以下是我正在处理的数据库中的示例:
ID Issue Sub Issue Creation Time Solved Time
1 A A1 01-05-2015 00:10:10 01-05-2015 10:20:00
2 B B1 01-05-2015 00:10:55 01-05-2015 10:30:30
3 A A2 01-05-2015 00:11:30 02-05-2015 08:10:45
4 A A1 01-05-2015 00:14:45 01-05-2015 10:25:00
5 D D4 02-05-2015 13:10:00 NULL
6 B B1 02-05-2015 00:14:35 NULL
我想识别具有相同问题的ID,子项和创建时间< = 5分钟作为重复的ID并消除它们。虽然消除了,如果两者都有一个已解决的时间戳或没有一个已解决的时间戳,我可以选择其中一个。否则,我选择一个具有Solved Timestamp值的那个。
Ex:1& 4,2& 6是此示例中的重复ID。
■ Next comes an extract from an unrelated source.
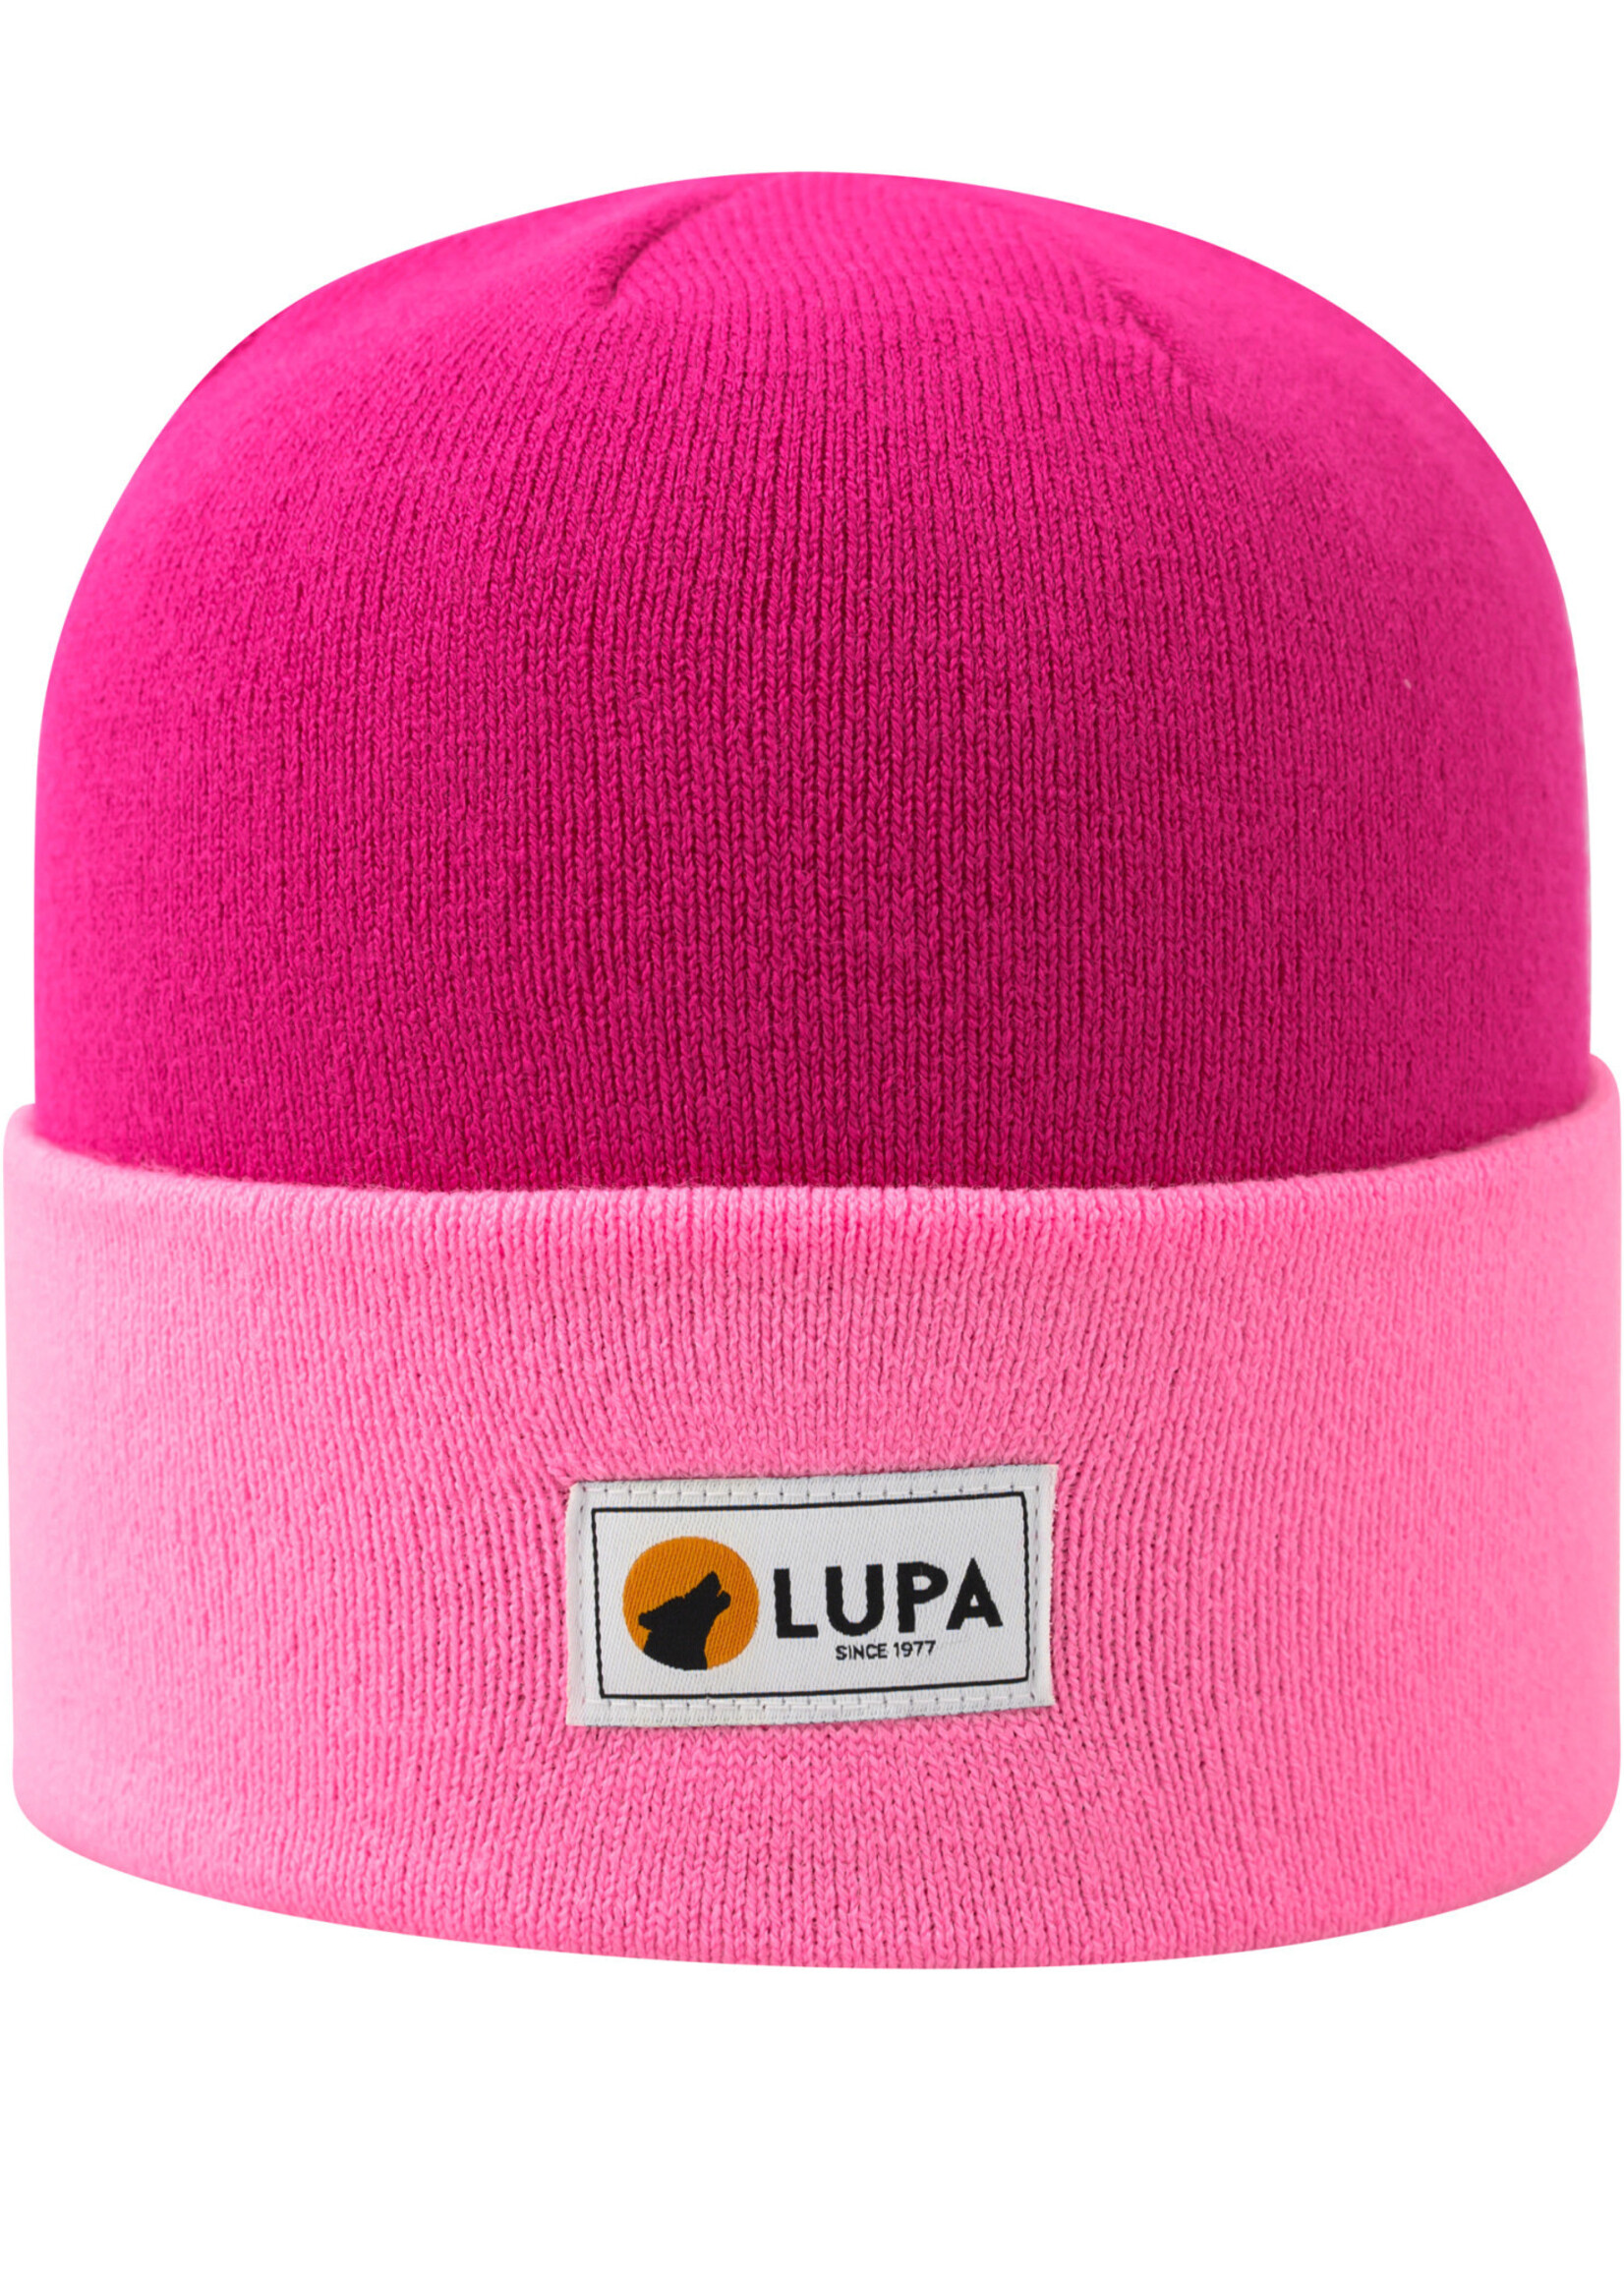 Lupa Tuque Bicolore Enfant Fuschia/Pink | Canadian-made Kids Acrylic Beanie Fuschia/Pink

我删除1和6
有人可以帮我处理Hive / SQL查询。
答案 0 :(得分:0)
2和6不重复,因为有不同的日期,时差超过23小时。
我在您的示例数据上测试了此解决方案,它运行正常:
select id, issue, sub_issue, creation_time, solved_time
from
( --calculate is_duplicate_flag for all rows
select case when ((unix_timestamp(next_creation_time,'dd-MM-yyyy hh:mm:ss')-unix_timestamp(creation_time,'dd-MM-yyyy hh:mm:ss'))/60 <=5) or
((unix_timestamp(creation_time,'dd-MM-yyyy hh:mm:ss')-unix_timestamp(prev_creation_time,'dd-MM-yyyy hh:mm:ss'))/60 <=5)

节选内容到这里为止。